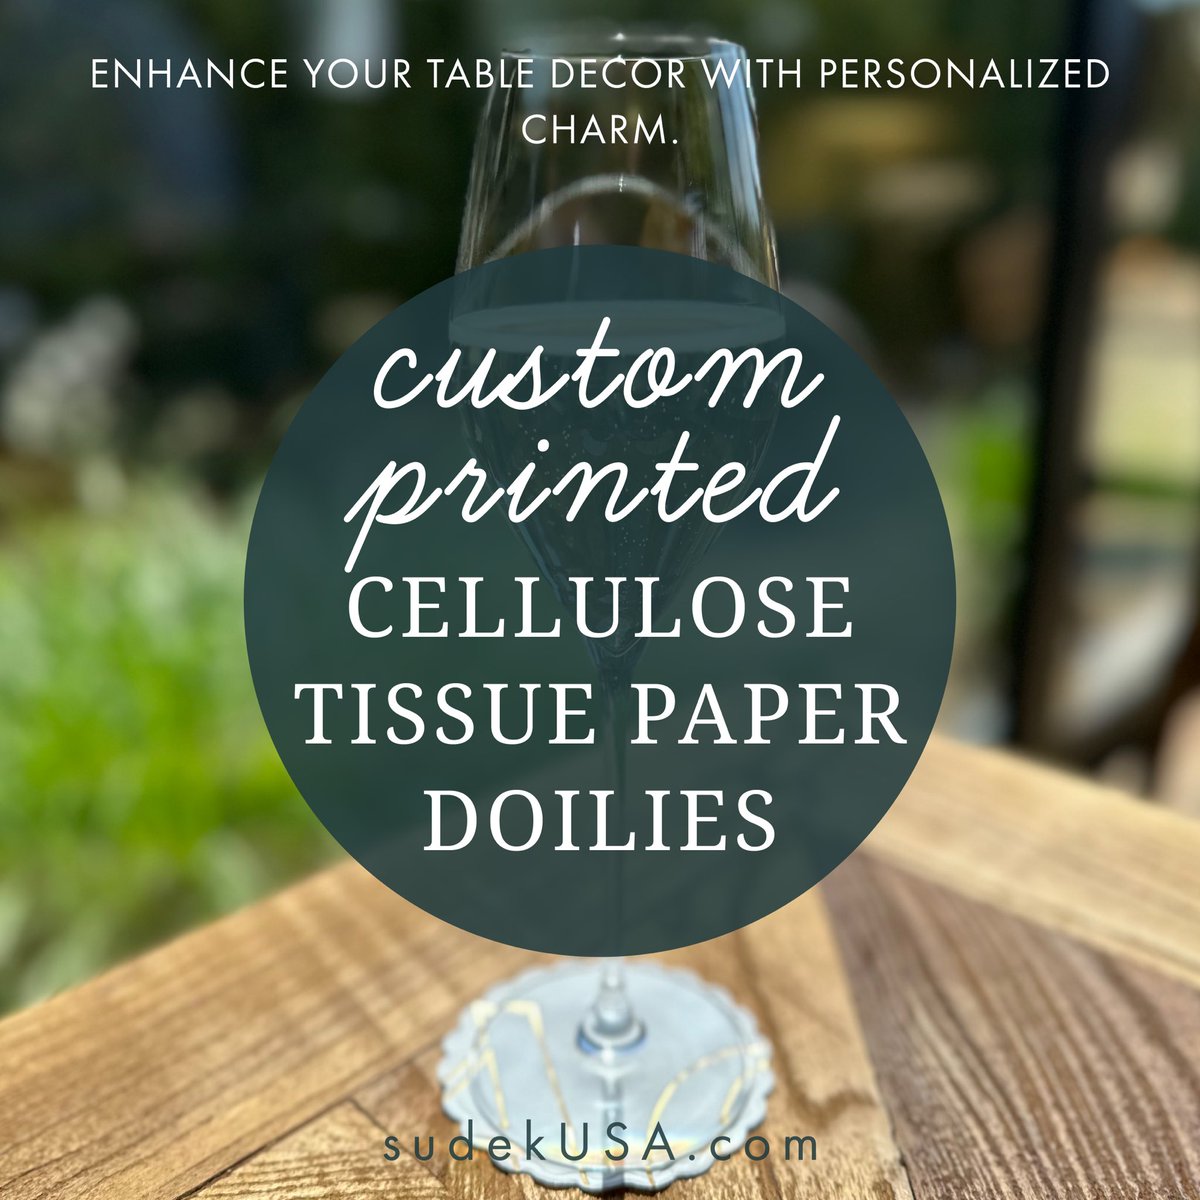 Make every table setting a work of art with our custom printed cellulose tissue paper doilies. These intricately designed doilies add a touch of elegance and personality to any dining experience🍸
#CustomDoilies #TableArt #Personalizedproducts #sudekusa
#customizedstyle

* AIM OF THE TASK
What you return should be the whole listing, word for word, without its pictures.

* FINISHED EXERCISE
 Make every table setting a work of art with our custom printed cellulose tissue paper doilies. These intricately designed doilies add a touch of elegance and personality to any dining experience🍸
#CustomDoilies #TableArt #Personalizedproducts #sudekusa
#customizedstyle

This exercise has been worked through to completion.